Исследователи отмечали, что и в действиях, и в речах Костанжогло есть что-то от творца, разумно распорядившегося подвластным ему миром. Но чичиковская мысль — «да, видно, что живет хозяин-туз» (там же) — не позволяет укрепить, развить какую-либо одну из возникающих в сознании аналогий. Костанжогло — «колдун», «хозяин-туз», творец — предстает как «необыкновенный человек». Это определение, неоднократно встречающееся в тексте, объединяет автора, Чичикова, Платонова, Хлобуева; необыкновенные способности Костанжогло ни у кого не вызывают сомнения.
Конечно, не случайно автор достаточно долго не позволяет читателю самому убедиться в исключительности героя. Читатель уже многое услышал о нем, увидел стройные его леса, крепкие крестьянские избы и церкви в принадлежащих помещику деревнях. Чичиков входит уже и в дом его, а хозяина все еще нет. Автор, на первый взгляд, использует прием, знакомый нам по первому тому. Имение, его внешний облик и интерьер характеризуют владельца. Но, оказывается, соотношение дома и хозяина в данном случае иное. Чичиков оглядывается вокруг себя, рассматривает «жилище этого необыкновенного человека… думая по нем отыскать свойства самого хозяина… но нельзя было вывести никакого заключения» (VII, 58–59). В доме Костанжогло не было «ни фресков, ни картин, ни бронз, ни цветов, ни этажерок с фарфором, ни даже книг» (VII, 59). Издавна контекст культуры, определенные его атрибуты характеризуют или приоткрывают духовный строй личности. Ни картин, ни фарфора, ни цветов не может быть в монашеской келье. Костанжогло — не монах, но ему свойствен своего рода бытовой аскетизм, он не любит лишних, тем более ненужных вещей; он не привык украшать жизнь, предпочитая ее строить. Те критерии, которыми литература измеряла человеческую личность, ее внутренний мир, привычки, психологический склад, не годятся для Костанжогло. Это новый герой литературы, главное для которого — «прочное дело жизни».
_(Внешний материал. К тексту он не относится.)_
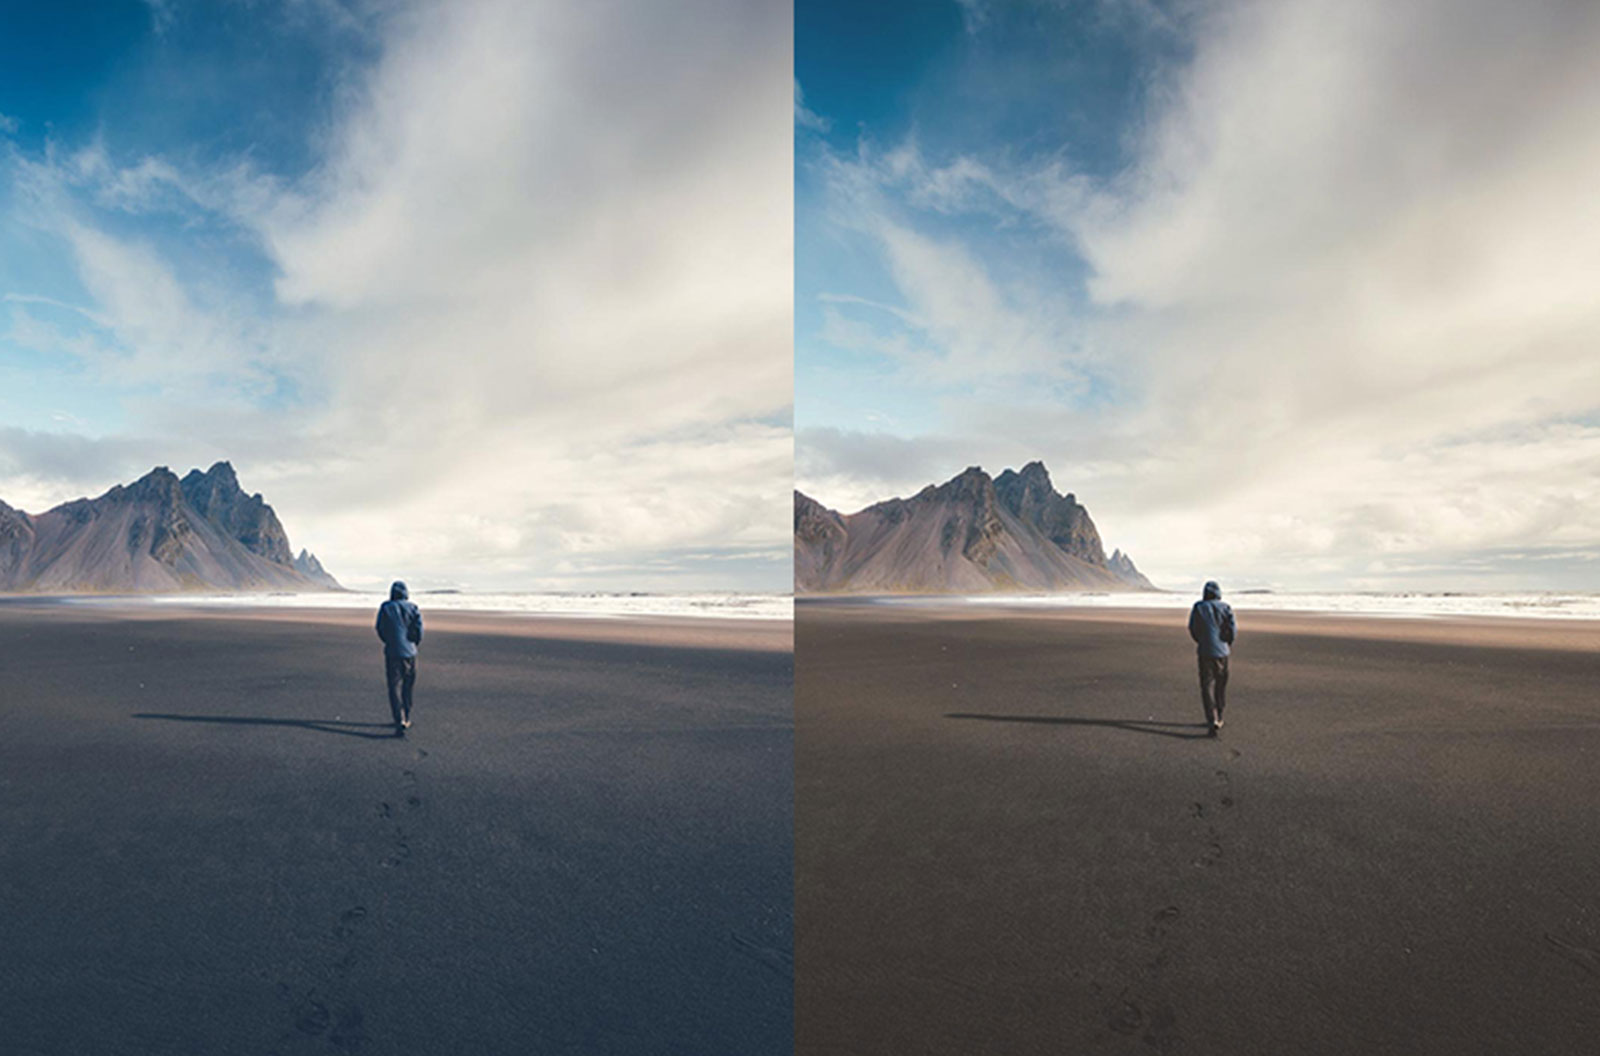 Side by side image comparisons of a man walking on a beach to illustrate different white balance settings

Дом для Костанжогло — не убежище от официозного и холодного внешнего мира, не место для уединения и сосредоточения, но и не чужое, безразличное пространство. Интерьер дома свидетельствует о том, что в нем живет человек-практик, что «главная жизнь» его «проходила вовсе не в четырех стенах комнаты, но в поле, и самые мысли не обдумывались заблаговременно сибаритским образом, у огня пред камином, в покойных креслах, но там же, на месте дела, приходили в голову, и там же… претворялись в дело» (VII, 59). Костанжогло — первый деловой человек в отечественной литературе, человек, органично и легко подчинивший все делу, ставшему существом его жизни.
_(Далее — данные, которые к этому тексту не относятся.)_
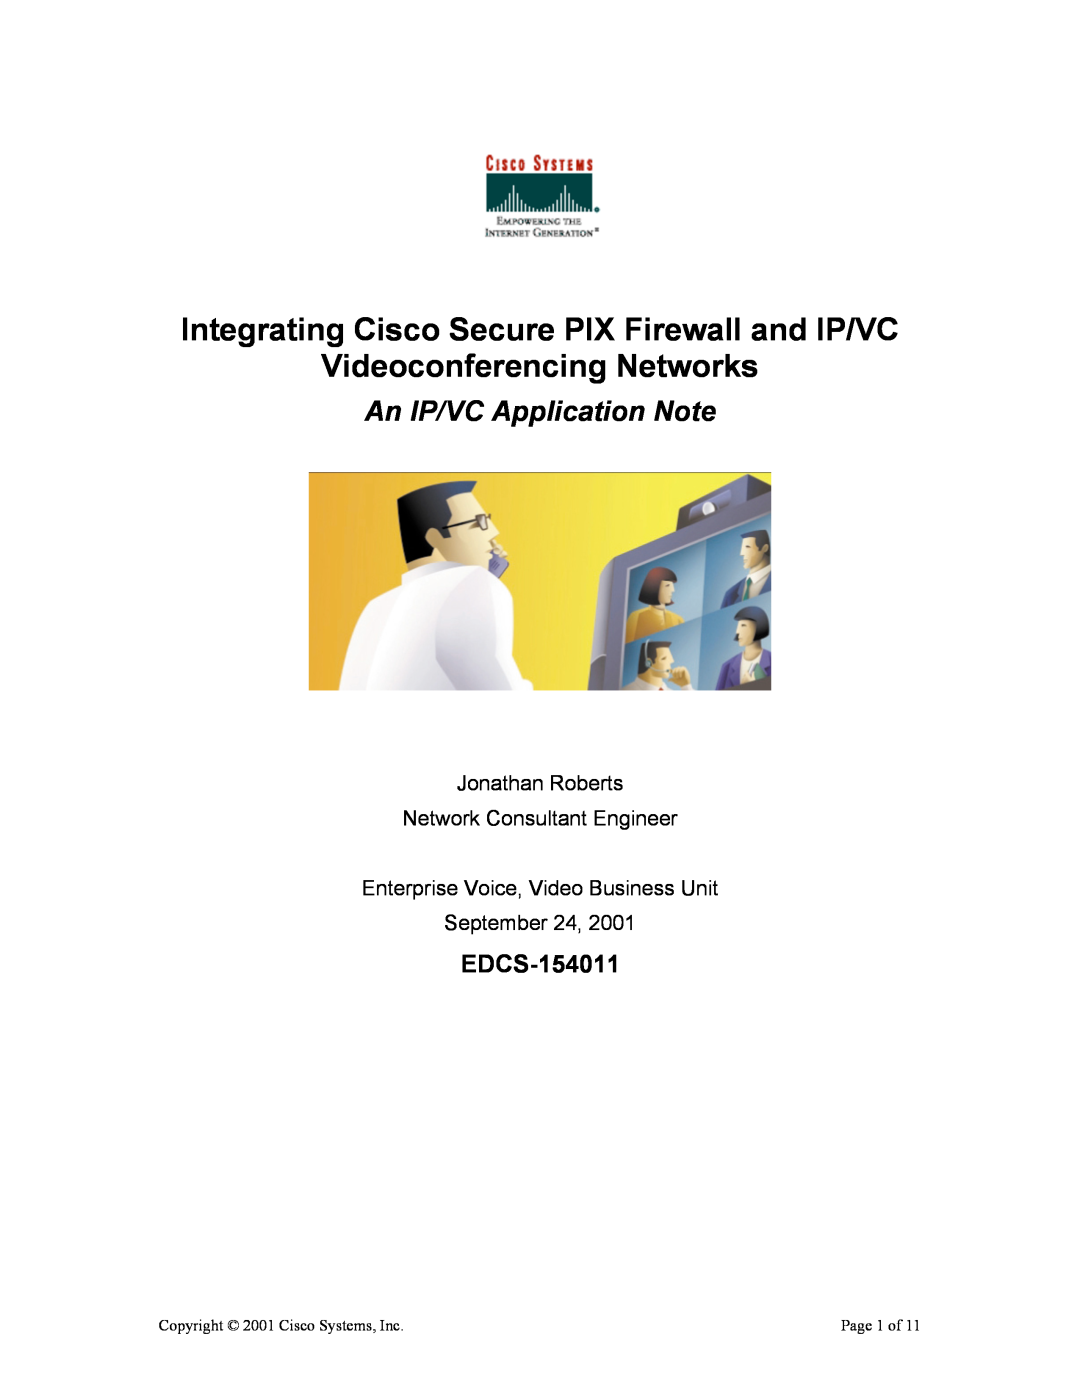 Cisco Systems EDCS-154011 manual Integrating Cisco Secure PIX Firewall and IP/VC, Videoconferencing Networks, Page 1 of

Чичиков тоже практик, хотя и иного рода, с нетерпением ждет хозяина. Кого же он видит перед собой? — человека «лет сорока», «живой, смуглой наружности» (там же). Одежда, которую носит герой, говорит о том, что он о ней не думает. Облик Костанжогло «поразил Чичикова смуглостью лица, жесткостью черных волос, местами до времени поседевших, живым выраженьем глаз и каким-то желчным отпечатком пылкого южного происхождения» (VII, 61). Желчность, даже мрачность героя будет отмечена и позже. Он явный антипод Петуха, добродушно принимающего дары жизни и не задумывающегося о своем будущем. Но он противопоставлен не только хлебосольному Петру Петровичу, а и другому герою, рассказ о котором помещен в той же главе. Персонажи второго тома — еще раз обратим на это внимание — не расположены в некой линейной последовательности, каждый в контексте своей главы, как это было в первом томе, а сведены автором в единой плоскости, и читатель получает возможность тотчас их сравнивать. Не позволив Чичикову как следует познакомиться с Костанжогло, автор направляет его к полковнику Кошкареву, и только после этой встречи Костанжогло предстает перед Чичиковым и перед читателем в полный рост, и мы видим, что два героя заявлены автором как антиподы; индивидуальность каждого раскрывается именно в сопоставлении.